● **EXERCISE GOAL**: Please repeat the whole listing exactly, but leave the pictures out.

● **THE DATA**:

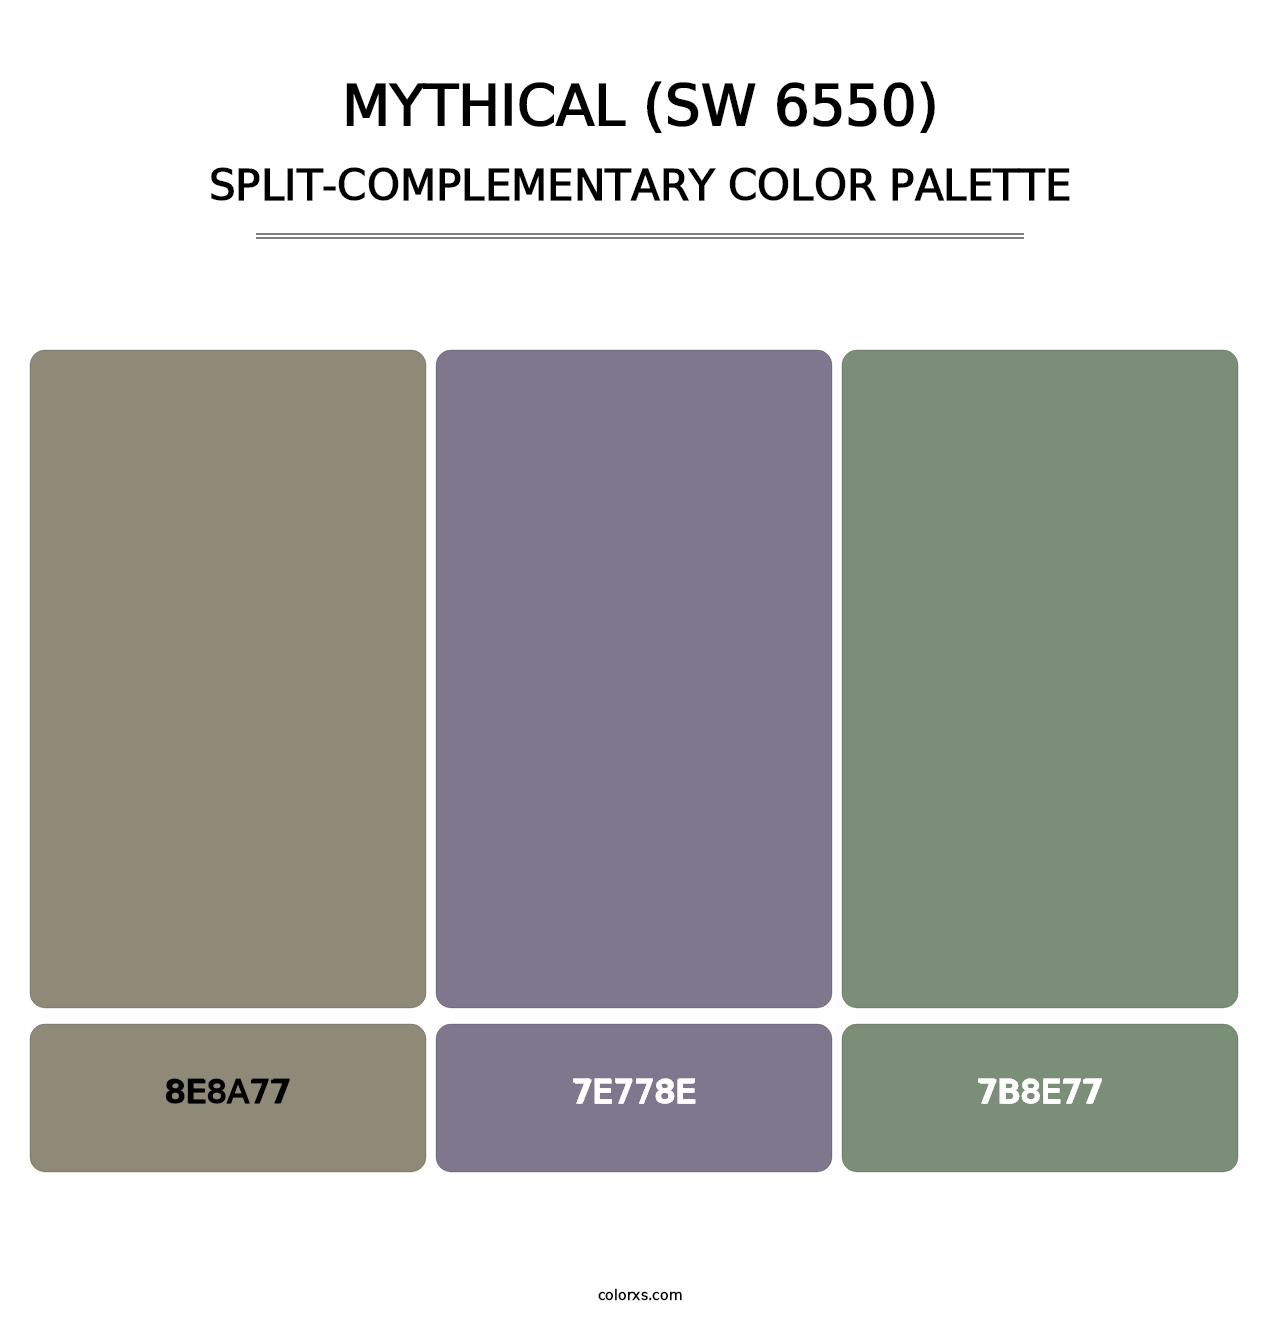 Mythical (SW 6550) - Split-Complementary Color Palette
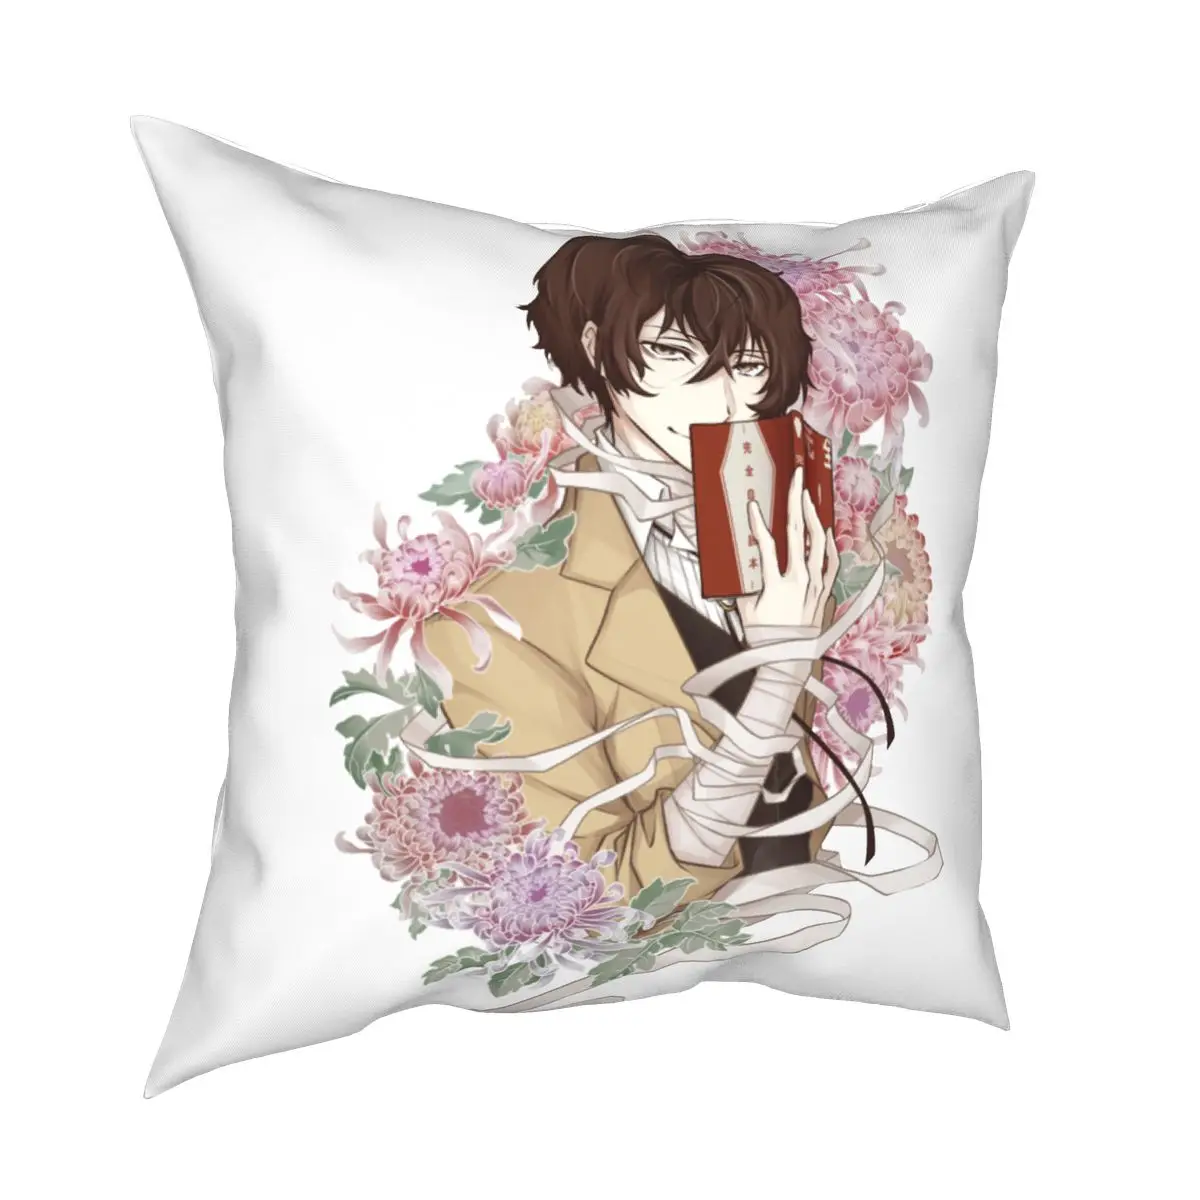 Anime Bungou Stray Dogs two sided Pillow Case Cover 188 
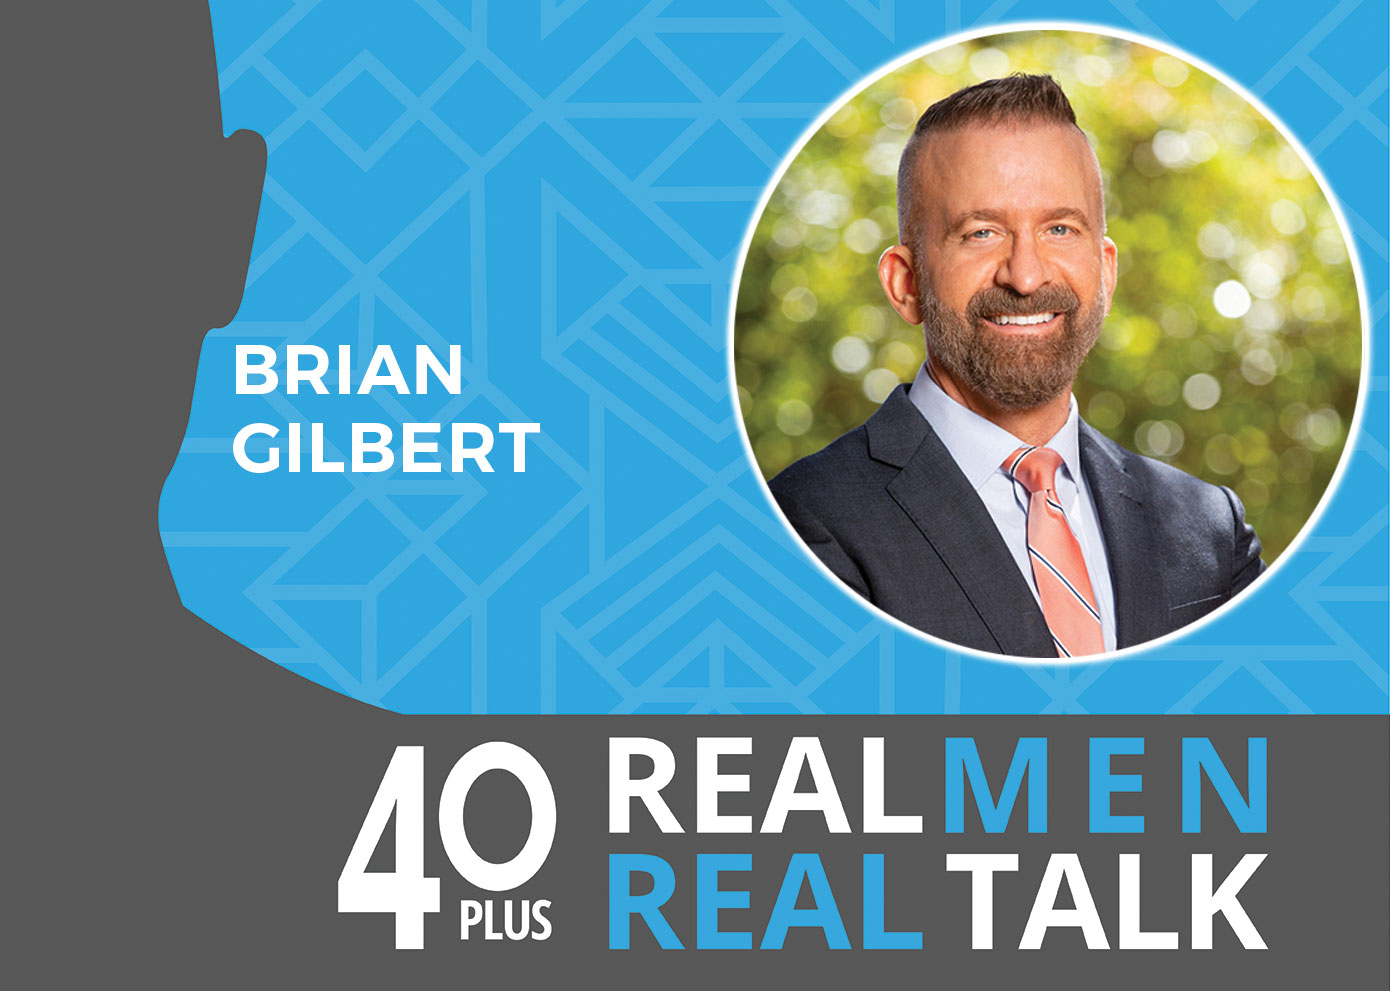 40 Plus: Real Men. Real Talk. How to get real about our changing bodies.
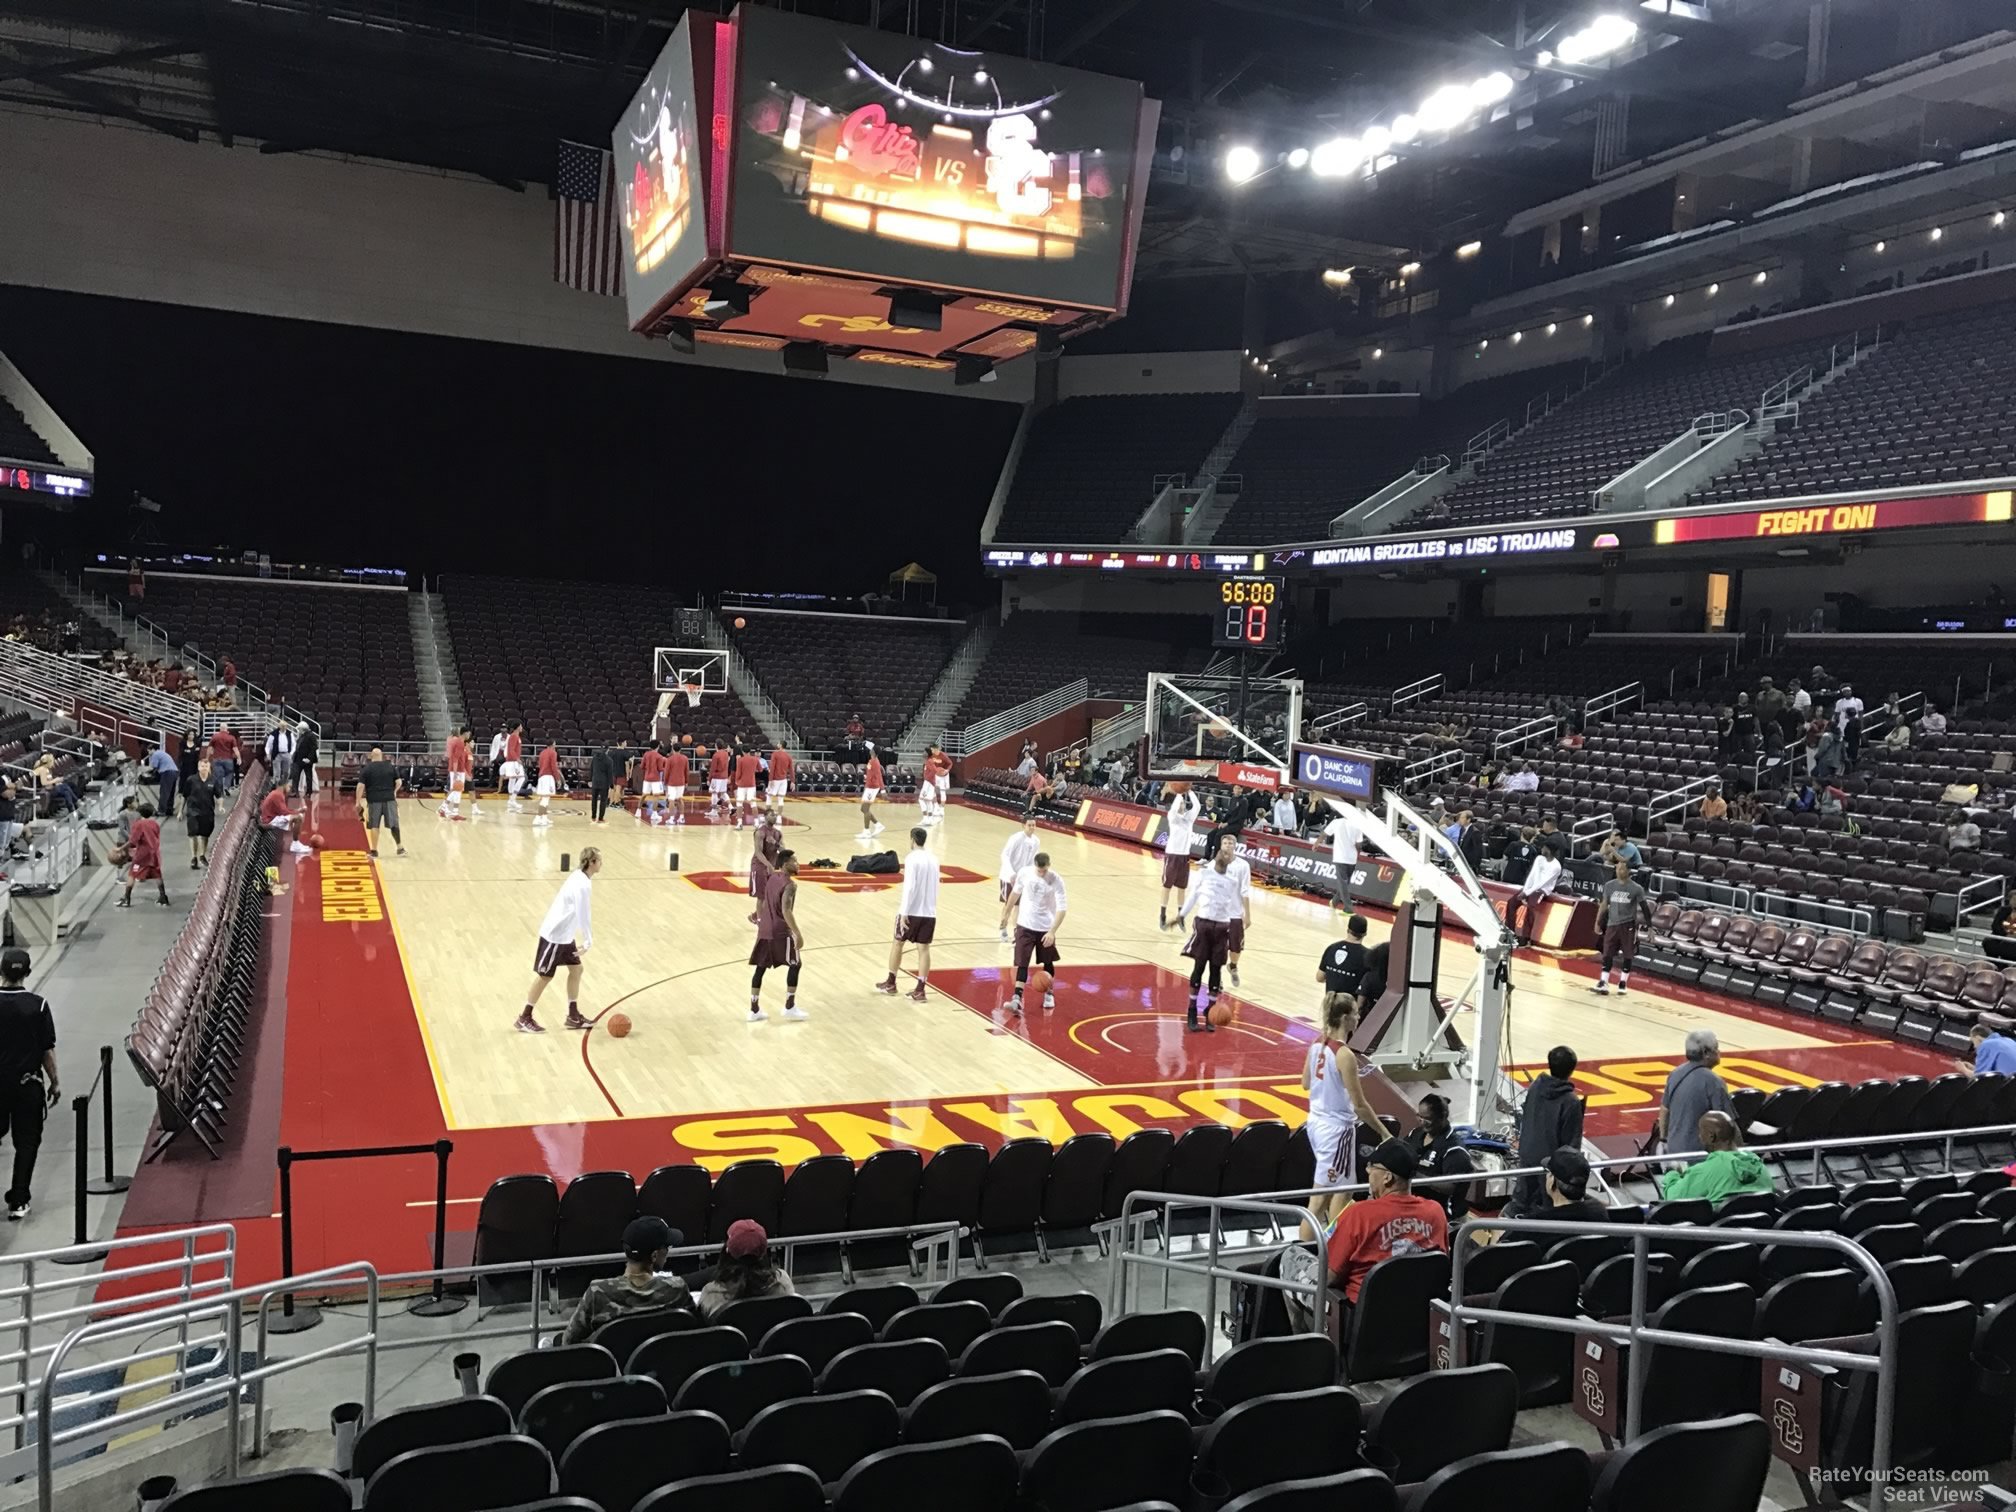 section 109, row 10 seat view  - galen center

● **OUTPUT FOR THIS EXERCISE**:
 Mythical (SW 6550) - Split-Complementary Color Palette
 Anime Bungou Stray Dogs two sided Pillow Case Cover 188 
 40 Plus: Real Men. Real Talk. How to get real about our changing bodies.
 section 109, row 10 seat view  - galen center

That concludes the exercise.